His company is building a two-floor shopping mall within the railway station that will not only transform the facility, which he said was improperly built and not completed in 1980, but will also turn the railway station into a passageway that will enable pedestrians on either side to pass through with ease. The two-way access was previously impossible, and pedestrians crossed from one side to the other side of the station with great difficulty.
Residential real estate also is booming in Tbilisi, Ugulava said, noting that whereas the average price for residential property today is $650 per sq.m., there are indications that in the near future the price will rise to $750 or $800 per sq.m.
Ugulava was proud of the fact that most of the leading international hotel chains are represented in Tbilisi with existing hotels or hotels under construction. Though pleased to have these five-star facilities, he said there was still a lot of room for the construction of three-star hotels, which he suggested would be a good area for investment because of the demand for such accommodation.
The tourism and hospitality sector is Georgia's number one priority said Otar Bubashvili, head of Georgia's Department of Tourism and Resorts.
It's the fastest-growing and largest industry, both in the sense of preserving tourist traditions and in the potential for expansion.

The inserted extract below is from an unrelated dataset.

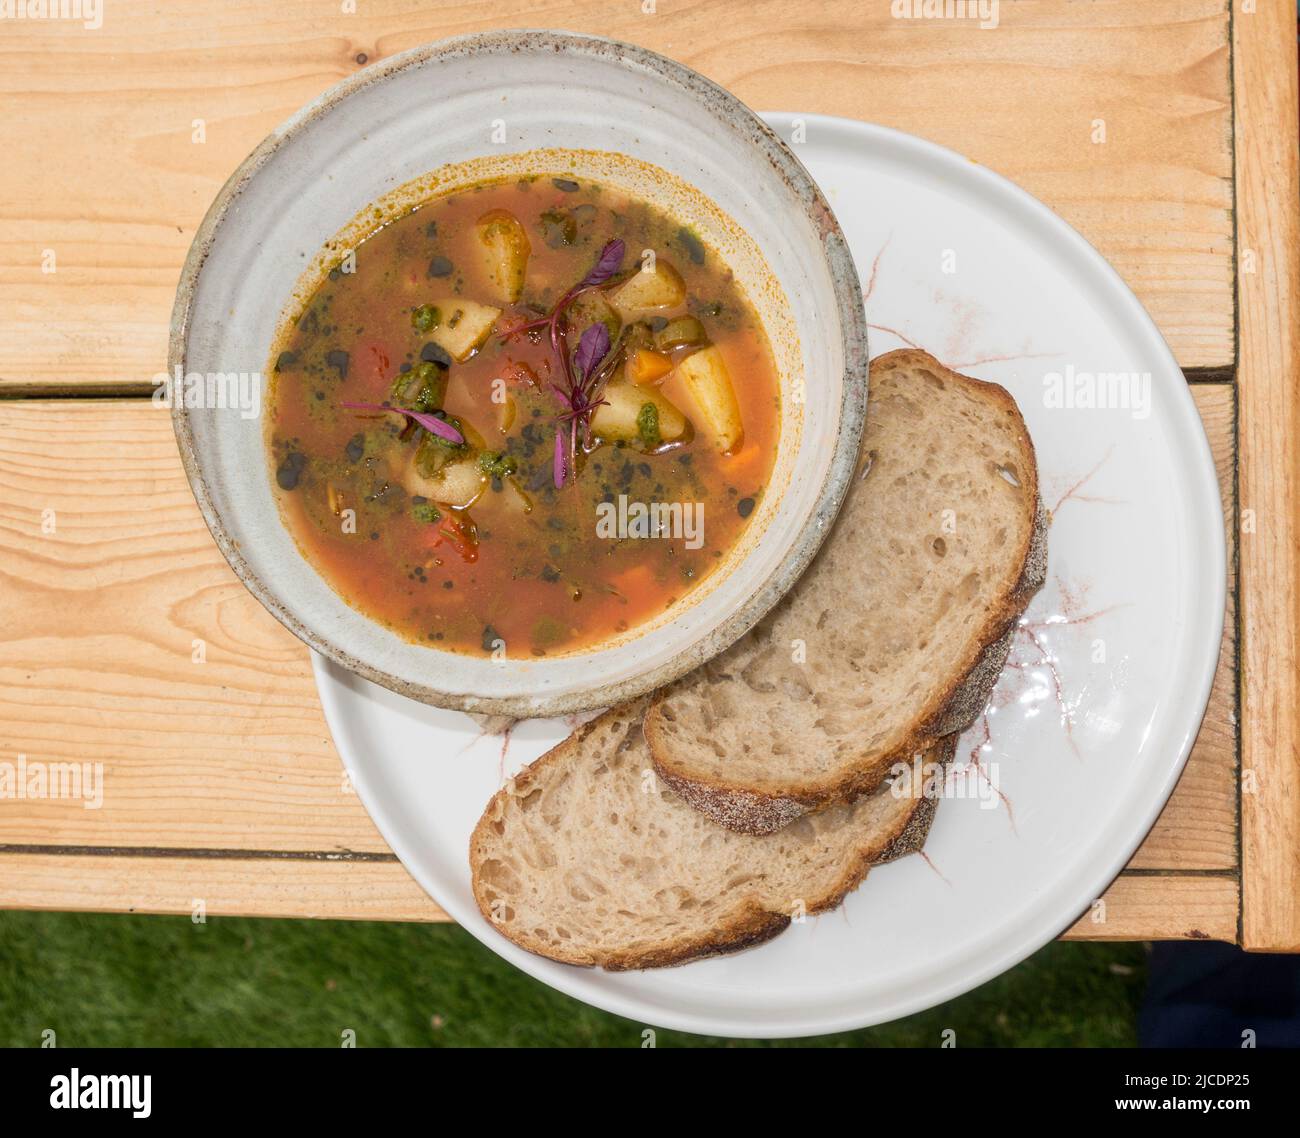 A bowl of tomato and spinach soup served with sourdough bread Stock Photo

Unlike Israel, which for years has been predicting incoming tourism figures in the range of three million but has attracted less than two million tourists per annum, Georgia, even in Soviet times, enjoyed high tourism statistics because of the diversity of its landscape. Organized tourism today, said Bubashivili, accounts for five million tourists. which is in excess of the 4.5 million resident population. Georgia expects to double its incoming tourists within the next year or two. International air carriers flying directly to Georgia include Lufthansa, Austrian Airlines, British Airways, Turkish Airlines and Arkia.
Israelis do not require visas for Georgia , and those with gambling instincts travel there on weekends to play at the casino in Tbilisi.
According to Itsik Moshe, the Tbilisi-based president of the Israel-Georgia Chamber of Commerce, on weekends the five-star hotels are chock-a-block with Israelis "and the language you hear most in the public areas is Hebrew. All that's missing is a mezuza."
Moshe who originally came to Georgia as a Jewish Agency emissary in 1989, some years later became president of the IGCC, through which he has been instrumental in introducing Georgia to Israelis and Israel to Georgians. More than one 100 Israeli companies, with business interests in Georgia are IGCC members, he said, but warned upcoming investors that if they wanted to succeed it was important for them to become familiar with the way things are done in Georgia, and to follow the rules.
Other than real estate and tourism, another area in which there is great potential for Israeli investment and joint projects in Georgia is in transit and transport.
Arveladze and other speakers made numerous references to the fact that Georgia, because of its unique geographic position is the gateway between Europe and Asia and through its international railway and Poti Sea Port projects, would be the pipeline for millions of tons of finished goods transported from Asia to Europe.